Today AFV’s mission is to “make American families more secure” by “educat[ing] the public” and advocating for legislation on a number of vital issues. Its chief concerns include:

  • “ensuring fairness in our nation’s tax code by pushing to close loopholes that allow for corporate offshore tax havens and accounting recklessness”;
  • “calling on Congress to do more when it comes to product safety, [in] particular dangerous toys and other imported goods from foreign countries”;
  • “health care, including prescription drug coverage for seniors and an HMO Bill of Rights, as well as expansion of the S-CHIP program for low-income families”;
  • “the environment, especially energy issues pertaining to foreign oil and the price of consumer gas”;
  • “government oversight for corrupt business practices”;
  • “retirement issues, including stopping cuts in, and privatization of, Social Security”; and
  • “advocating a sensible foreign policy and a reasonable approach to threatening nations like Iran.”

With regard to each of the domestic issues enumerated above, AFV advocates increased government control and intervention. To advance its agendas, the organization invests in research and “strategic messaging” (advertisements, videos, and public-relations campaigns) designed to help “build a communications echo chamber for our [progressive] side.” Toward that end, AFV regularly funnels its research and talking-points to leftwing reporters, bloggers, and activists. The group has also developed a sophisticated robo-calling program designed to “educate voters on important issues” and “help fuel grassroots organizing and lobbying at all levels of government.”

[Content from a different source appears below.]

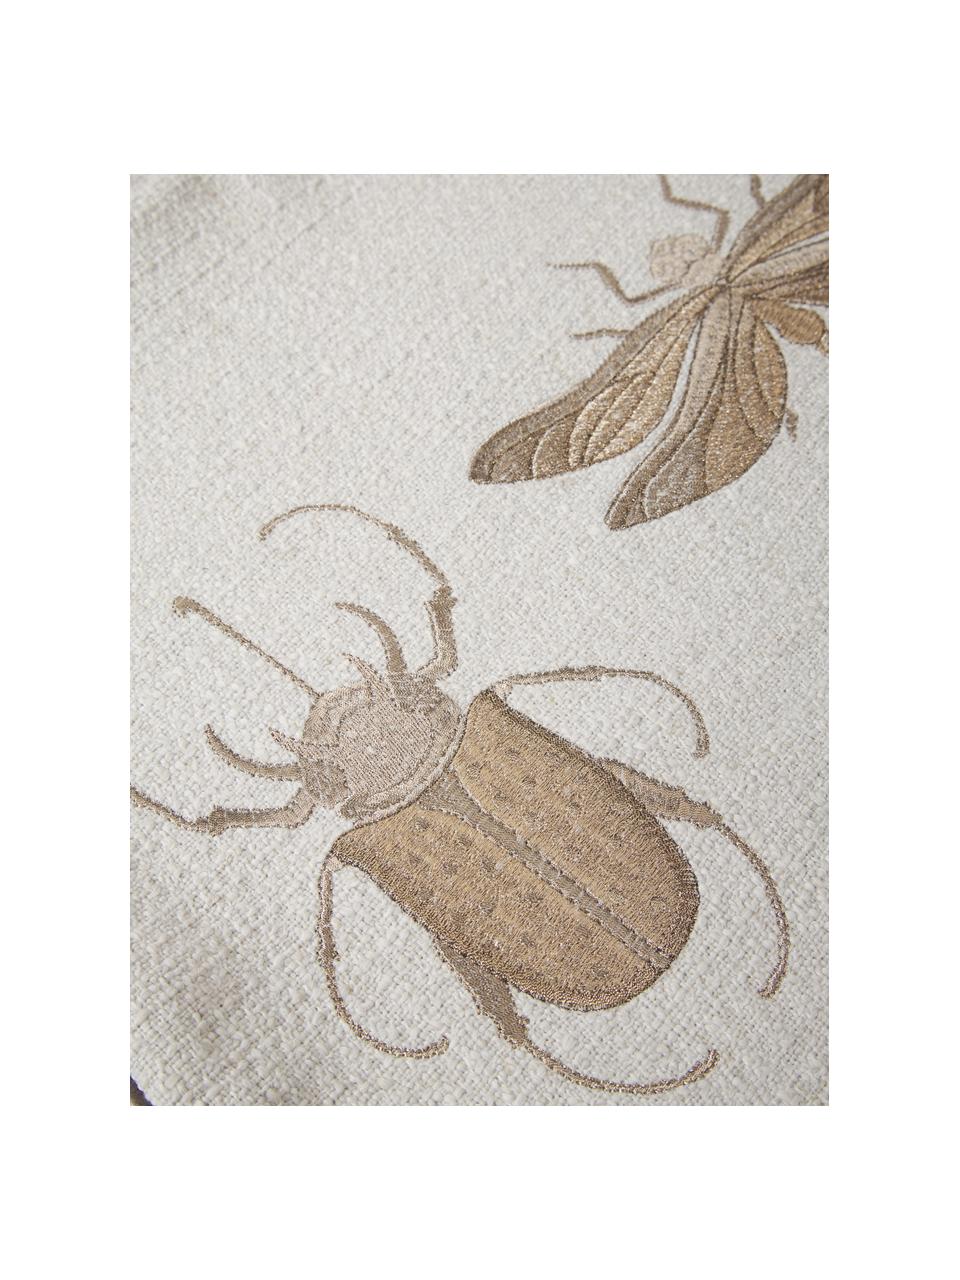 Vyšívaný povlak na polštář s motivem hmyzu Tania, 90% polyester, 10% len
Certifikát Oeko-Tex Standard 100, třída 1, Béžová, Š 45 cm, D 45 cm

Modeling its efforts on those of Moveon.org, AFV strives to “buil[d] the capacity” of the “Netroots” by using new media to “exponentially expand the ability of the progressive community to raise money, recruit volunteers, and shape the political debate in this country.” In pursuit of these ends, AFV has partnered with ActBlue. It also developed an affiliation with the now-defunct BlogPAC, which provided financial backing for online activists and leftwing bloggers.

Major projects in which AFV has participated in recent years include:

Aside from president Mike Lux, AFV’s other leading official is secretary-treasurer Amy Pritchard.